Arguments Heard in HIAS v. Trump Appeal
By Sharon Samber, HIAS.org
Oct 28, 2020
(Eric Kruszewski/HIAS)
HIAS argued in federal court on Oct. 27 that an injunction against President Trump's executive order giving states and local governments the power to refuse the resettlement of refugees should remain in effect.
HIAS and other resettlement agencies sued the Trump administration last year, hoping to block the executive order from taking effect. On Jan. 15, a federal district-court judge in Maryland granted an injunction in the case, HIAS v. Trump, that halted the order. The administration is now appealing that ruling, hoping to restore an unprecedented grant of power to state and local officials to essentially veto resettlement in their jurisdiction.
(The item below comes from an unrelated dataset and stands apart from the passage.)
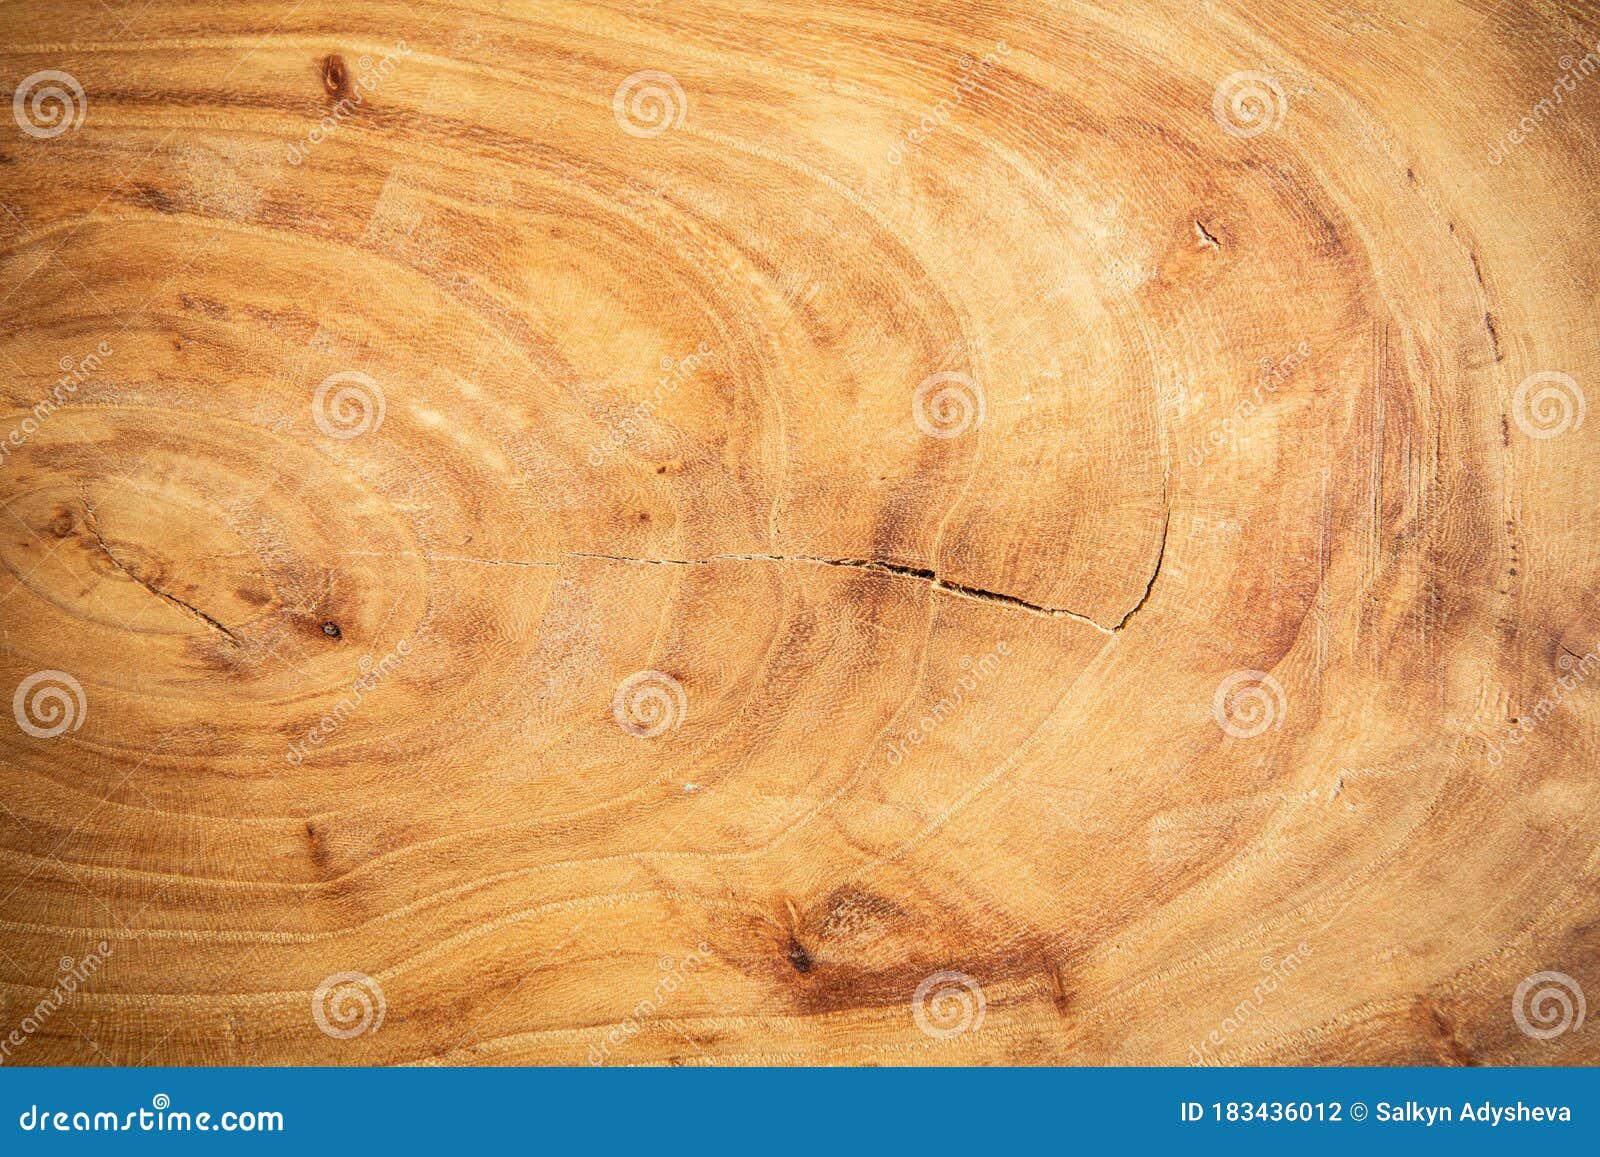 Ván gỗ tròn từ sồi: Ván gỗ tròn từ sồi là một sản phẩm độc đáo và tự nhiên, mang đến sự đẳng cấp và sang trọng cho không gian sống. Với độ bền cao, màu sắc và mùi thơm đặc trưng, chúng sẽ làm cho không gian sống của bạn trở nên ấn tượng và đẳng cấp hơn. Hãy chiêm ngưỡng những tấm ván gỗ tròn từ sồi và cảm nhận sự đẹp mà chúng đem lại.

In remote oral arguments before a three-judge panel of the U.S. Court of Appeals for the Fourth Circuit, Justin Cox of the International Refugee Assistance Project argued on Tuesday on behalf of HIAS, Church World Service, and Lutheran Immigration and Refugee Service. He told the judges that Trump's executive order violates the intent of the Refugee Act of 1980, which calls for a national system of refugee resettlement.
Cox argued that there are numerous other reasons that the court could strike down the executive order. One reason could be its failure to account for state and local balance. There are many places for conflicts, he noted, as states and local officials may not be in agreement over accepting refugees. Some counties may also have leaders who are not elected, creating further complications.
“It’s plain that no one thought through how this would actually work on the ground,” Cox said.
In his January decision, federal district judge Peter Messitte stated that the executive order is likely unlawful as it "grants [states and localities] veto power" and that this “flies in the face of clear Congressional intent, as expressed in the legislative history of the statute.” In enjoining the order, he called for refugee resettlement to “go forward as it developed for the almost 40 years before Executive Order 13888 was announced."
The federal government argued that the order gives states a voice in the process rather than a veto. Amanda Mundell of the U.S. Department of Justice insisted the State Department, not state or local governments, makes the ultimate decision on where a refugee should be placed.
But there has been a pattern of government lawyers arguing in court that Trump's executive orders don't mean what they say, U.S. Circuit Judge Pamela Harris charged.
“The government comes into court and tries to pretend that these executive orders don't mean anything," Harris said. "I feel like we're not talking about the actual executive order we have in front of us."
People choose the language in an executive order with great care, Harris continued later. “It’s not written the way you are defending it,” she said. “We will just have to agree to disagree.”
U.S. Circuit Judge Barbara Milano Keenan also found fault with much of the government’s argument, calling the order an “edict without consequences.” She said implementing the order would create a chaotic situation because it contains no structure or procedures for carrying out its terms. “It’s so impractical,” Keenan said.
Even prior to the injunction, the premise of the administration’s order — to allow states and localities to stop refugees from resettling in their areas — had proven unsuccessful, with the overwhelming majority of both Republican and Democratic governors and county officials across the country voicing their continuing commitment to welcoming refugees.
HIAS President and CEO Mark Hetfield said at the time of the district court ruling that the Trump administration was wrong to attempt a state-by-state refugee ban.
The appeals court decision is expected soon. Whichever side is unsuccessful will be able to appeal the decision to the full circuit court or directly to the Supreme Court.